Что-то светлое появилось в выражении вечно угрюмого лица Билла. Глаза погрустнели, расширились. Он был искренним сейчас, может быть, впервые за много лет. Вопросительно смотрел на Алекса.
Но что мог ответить ему Алекс, когда сам вспомнил свою мать, свой дом. До боли отчетливо вспомнил, как провожали его. Молодые лейтенанты уезжали в полк. Немного хмельные и грустные, они прощались с родными и товарищами, целовали девушек, обещая скоро вернуться за ними.
Уже стоя на подножке уносившего их вагона, Саня бросил прощальный взгляд на своих «стариков». Отец, высокий, прямой, с непокрытой седой головой, сжав губы, не отрываясь смотрел на сына. Рядом с ним притулилась черненькая сухонькая мама. Она все старалась выпрямиться и улыбнуться своему первенцу.
Эти прощальные взгляды до сих пор жгли сердце Алекса.
Ему нестерпимо захотелось хоть бы на несколько минут оказаться в Ташкенте. Крепко прижать маму к груди и поцелуями осушить ее слезы, увидеть улыбку на усатом лице отца, пройти по скверу, взглянуть на куранты, броситься в студеные воды Чорсу. Мама, мама! Когда же, наконец, попадет он на родину? Когда?!
Алекс застонал и откинулся на спину. Закат окрасил часть неба во все цвета радуги. Фиолетовые, синие, зеленые, оранжевые волны отходили от алой, пламенеющей на самом горизонте полосы и таяли в начинавшем сереть небе. Сумерки сгустились. Сразу высыпали звезды. Чужие холодные звезды.

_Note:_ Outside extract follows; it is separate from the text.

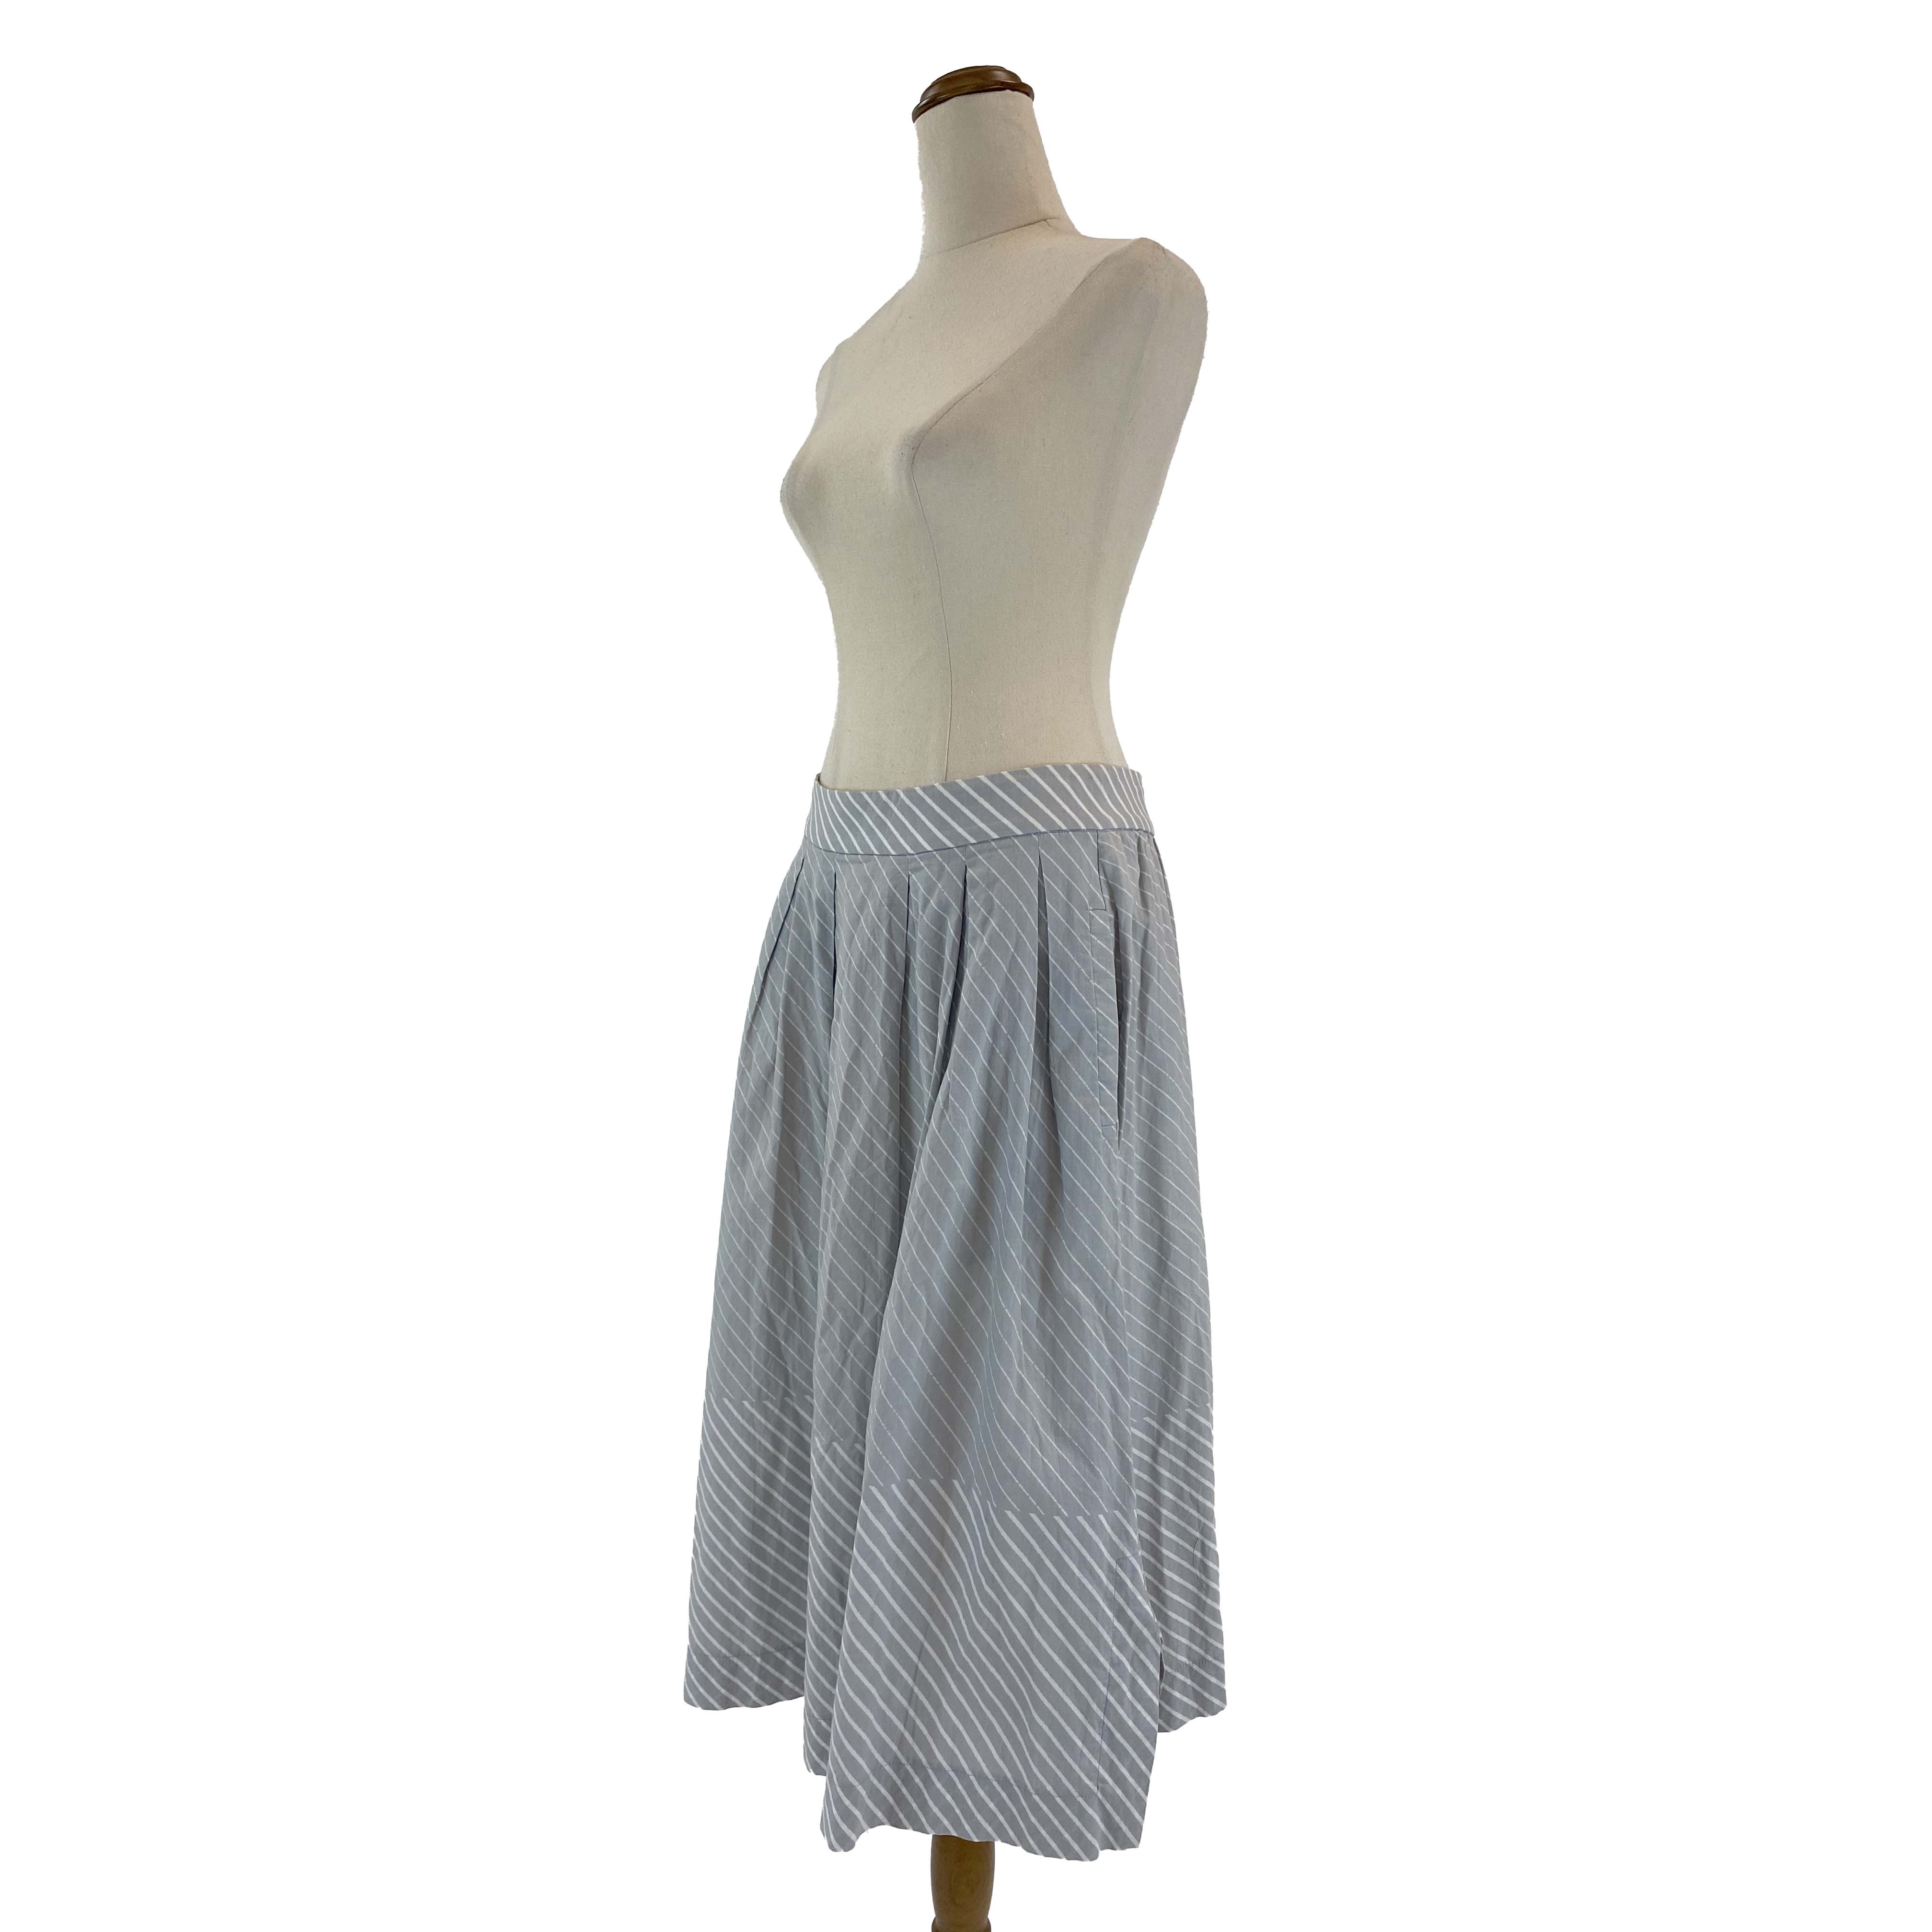 KLOKE Light Gray Striped Skirt

Шелестит тростник, клонясь метелками к земле. Перешептываются вверху деревья. Бесшумно проносятся над водой летучие лисицы. Говорит и говорит неумолчно Чиндвин, словно спешит выговориться перед пришедшими на его берега людьми, поведать им тайны джунглей, обременивших его непомерным грузом ужаса и отчаяния. Захлебывается, торопится успеть. Ведь люди в джунглях стали непоседами. Уйдут, и не расскажешь всего.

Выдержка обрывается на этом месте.